Sebuah peristiwa kelam yang terjadi malam tanggal 30 September sampai 1 Oktober 1965, tujuh perwira tinggi militer Indonesia dibunuh dan dijebloskan dalam sebuah sumur tua di Lubang Buaya, Jakarta Timur.
Sejatinya peristiwa lubang buaya tak akan pernah jadi sejarah tanpa campur tangan saksi kunci dalam persitiwa itu. Tersebutlah nama Ajun Komisaris Besar Polisi (AKBP) Sukitman, satu-satunya orang yang berperan sebagai 'mata' dalam adegan kejam di Lubang Buaya
pada malam di mana peristiwa penculikan dan pembunuhan ke tujuh jendral berlangsung. Agen Polisi II (jabatan awal Sukitman) itu sedianya berjaga di Seksi Vm Kebayoran Baru (sekarang Kores 704) yang berlokasi di Wisma AURI di Jalan Iskandarsyah, Jakarta, bersama Sutarso rekannya yang berpangkat sama.
Lokasi penjagaan tak jauh dari kediaman Mayjen Donald Isaac Pandjaitan yang juga jadi korban pembunuhan PKI, di malam 30 September 1965. Ketika mendengar rentetan tembakan dari arah kediaman DI Pandjaitan di pagi buta 1 Oktober, segera Sukitman meninggalkan rekannya yang tetap di pos jaga, untuk mendatangi suara tembakan. Tapi di tengah kayuhan sepeda kumbangnya, Sukitman diberhentikan beberapa oknum tentara berseragam loreng dan berbaret merah, yang berusaha menghentikannya.
Di bawah ancaman senjata di kiri-kanan, Sukitman kemudian diseret dan dilemparkan ke dalam truk dalam keadaan tangan terikat dan mata tertutup.

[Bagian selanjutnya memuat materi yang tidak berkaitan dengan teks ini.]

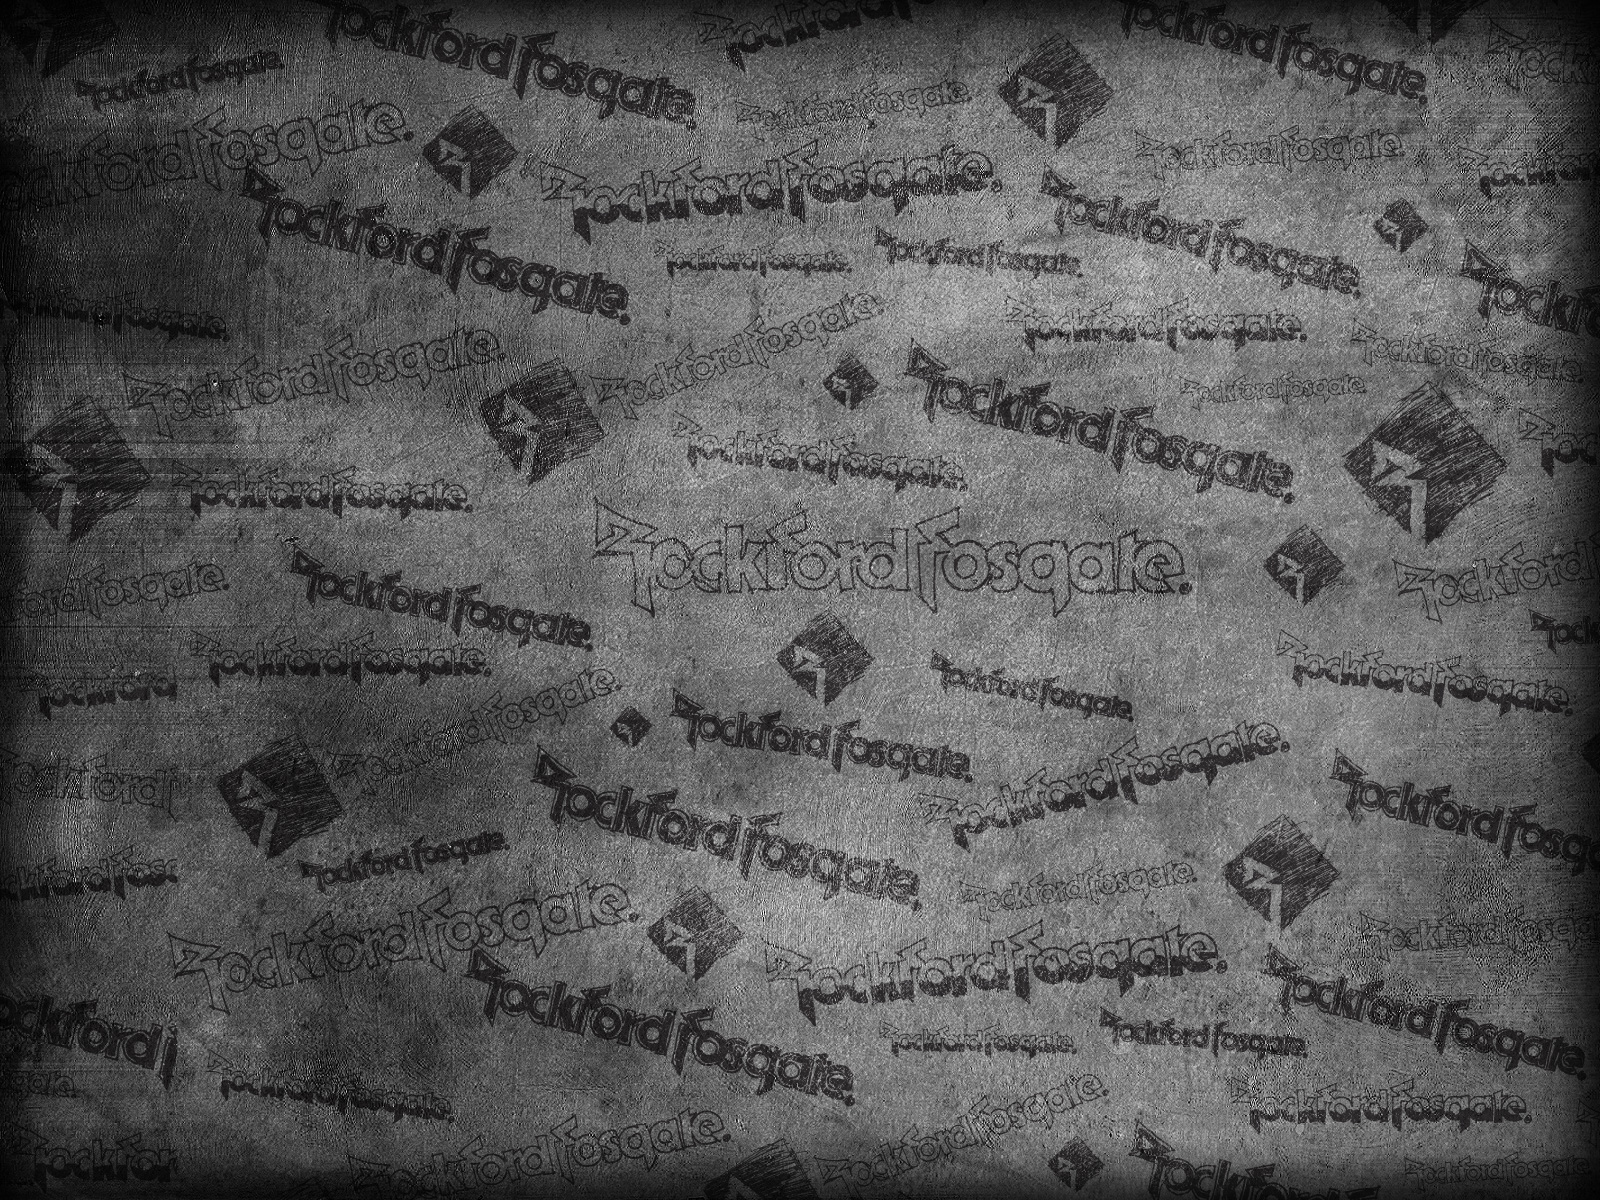 Rockford Fosgate Wallpaper

Kemudian, Sukitman ikut diculik ke Lubang Buaya dan sempat disiksa.
Dialah satu-satunya saksi ketika para jenderal dimasukkan ke sebuah lubang galian yang sempit.
Dari jarak sekitar 10 meter Sukitman bisa melihat dengan jelas sekelompok orang mengerumuni sebuah sumur sambil berteriak, "Ganyang kabir, ganyang kabir!
Di dalam sumur itu dimasukkan tubuh manusia - entah dari mana – yang langsung disusul oleh berondongan peluru. Sukitman sempat melihat seorang tawanan dalam keadaan masih hidup dengan pangkat bintang dua di pundaknya, mampir sejenak di tempatnya ditawan.
Pada hari di mana Sukitman berhasil lolos dalam kejadian kelam tersebut, ia masuk ke kolong truk untuk berbaring, karena kepalanya pusing. Walau sempat beberapa kali mendengar suara tembakan, Sukitman tetap tertidur pulas. Sampai ketika terbangung di sore hari, ia mendapati dirinya sendirian dekat lokasi kejadian. Tak ada pasukan yang semula menyiksa ke tujuh pahlawan revolusi tersebut.
Segera Sukitman melarikan diri dan melapor ke markas Resimen Para Komando Angkatan Darat (RPKAD) pada 3 Oktotber dan dipertemukan dengan Kolonel Sarwo Edi Wibowo. Sukitman diminta membuat denah tempat pembuangan mayat para jenderal, untuk dijadikan petunjuk pasukan RPKAD menggerbek lokasi tersebut.
Saat menjadi pemandu dengan dibawa Mayor CI Santoso dan ajudan Letjen Ahmad Yani, Kapten CPM Subarti, Sukitman nyaris tak bisa menemukan lubang yang dimaksud, lantaran tertimbun sampah. Kemudian di atasnya ditanamkan pohon pisang. Beruntung, lubang tersebut bisa ditemukan.
Karir Soekitman memang sedianya tak punya catatan cemerlang, tapi perannya sebagai saksi hidup peristiwa G30S hingga bisa jadi penuntut ditemukannya para jenderal itu, namanya mencuat.
Sukitman menerima penghargaan berupa kenaikan pangkat menjadi Agen Polisi Satu. Dia mendapatkan kenaikan pangkat dari AKP (Ajun Komisaris Polisi) menjadi AKBP (Ajun Komisaris Besar Polisi). Bintang Satria Tamtama diperolehnya bertepatan dengan Hari Kepolisian, 1 Juli 1966, dan Bintang Satya Penegak diberikan oleh Presiden Soeharto, tepat pada Hari ABRI, 5 Oktober 1966.
Polisi kelahiran Pelabuhan Ratu, Jawa Barat pada 30 Maret 1943 itu setidaknya mendapati penghormatan di hari terakhirnya.
Sukitman yang wafat di usia 64 tahun di Rumah Sakit Bakti Yudha Depok pada 13 Agustus 2007, dihormati dengan upacara kemiliteran ketika disemayamkan di Taman Makam Pahlawan Nasional Kalibata, Jakarta.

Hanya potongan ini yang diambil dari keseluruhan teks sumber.